Zig’s standard JSON type also uses an arena. It bundles together all the values (strings, numbers, etc) and metadata associated with a JSON object into one blob, making it more performant. This is explained in another article by the same author as above. Seriously give all their posts a read, it’s worth it.

Explicitly passing an allocator also encodes semantic meaning, and not passing one also has meaning. The sort function in the standard library doesn’t take an allocator, so you know it operates entirely in place. This style also allows you to be more conscious about the performance impact of calling particular functions.

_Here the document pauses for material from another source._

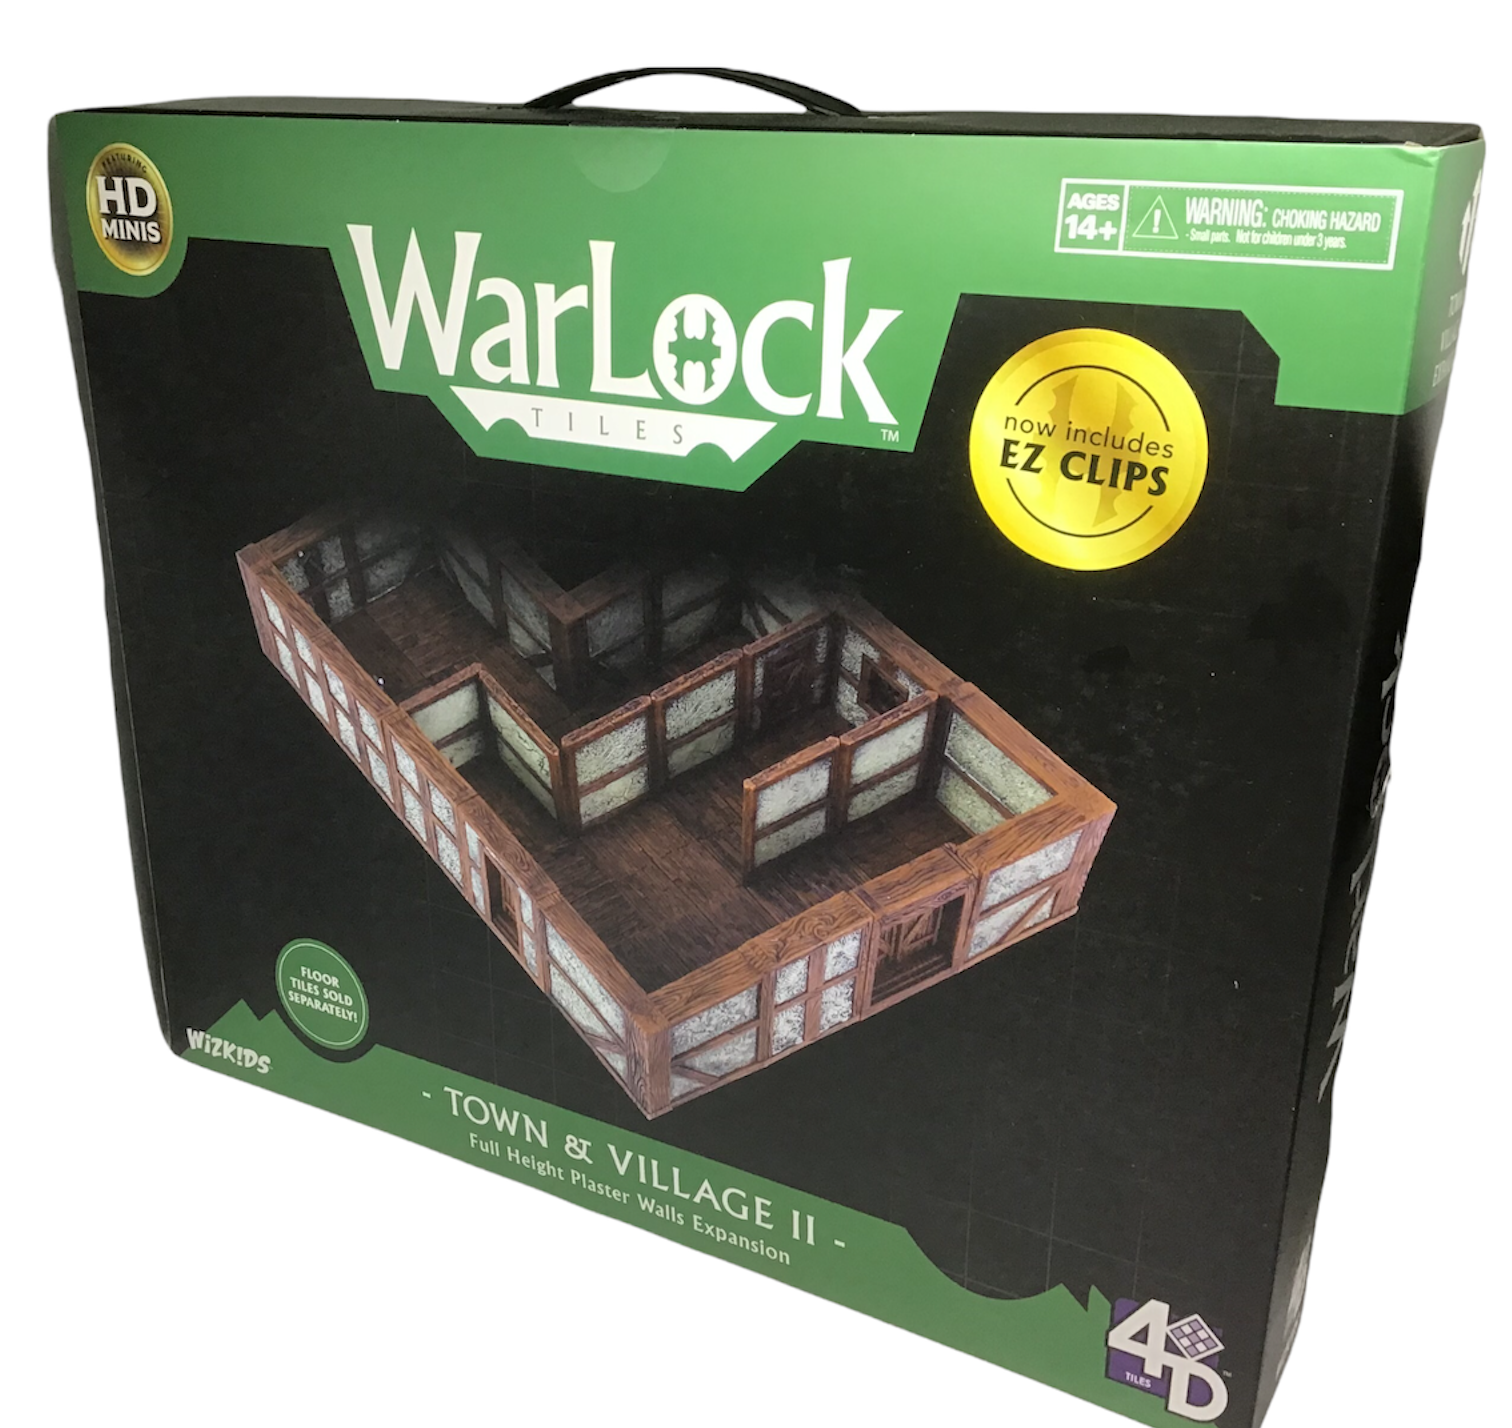 Warlock Tiles Town Village II Full Height Plaster Walls Expansion Clip HD Minis  - $89.05

In pretty much every other language, you have to guess where your memory ends up. In Rust, you have to learn that Box, Arc, Rc, String, Vec, and HashSet are some of the ways that new memory is allocated, and sometimes it is not very obvious.

Another advantage of unsafe memory management provided in languages like Zig is that let you arrange memory optimally and take advantage of the CPU cache. Languages that encourage RAII patterns (like Rust) produce lots of individual allocations which fragment memory. You can use SoA patterns in Rust, but the ecosystem and the community is built around individual objects.

Conclusion
#

I think that innovation in memory models can still happen. Languages like Zig aim to increase safety while keeping the ability to reach perfect performance. Languages like Rust aim to increase performance while keeping their safety. The borrow checker is a great experiment that has gone remarkably far, but it is has its limitations and is not the final evolution of memory management.

None of this is to say that I don’t like Rust. I maintain various personal projects in Rust, and I intend to continue choosing it for future projects. To prove I’m still a part of the Rust Evangelism Strike Force here is a non exhaustive list of things I like about it:

Ecosystem of crates
Documentation comments
Macros
Type system
Street cred/flexing potential

Also I don’t think that Go and Zig are perfect either. For example in Go I don’t like zero initialization of structs, I think default values should exist. I also think that optionals should be built in instead of using an extra pointer indirection and nil (see json.Unmarshal on an *int). In Zig, I don’t like how there is no async, and I think that making a language server that can properly evaluate comptime expressions is going to be really hard and will likely never resolve anytypes correctly.

All this being said, I don’t write code using data oriented design and trying to optimize for the CPU cache. I prefer to trade some performance for developer velocity. But I’m also not writing a database or a game engine, I’m usually writing a webserver or interacting with some API over HTTP.

Async Rust is in a weird place for me. It feels like I have to use the escape hatches and work against the borrow checker more often than I work with it. I think there are fundamental problems with the memory model, and sometimes I wish I just had a garbage collector.

¹ This is not technically true, a function could use std.heap.page_allocator or std.heap.c_allocator, but this is considered very bad practice and is not usually used in library code. ⎗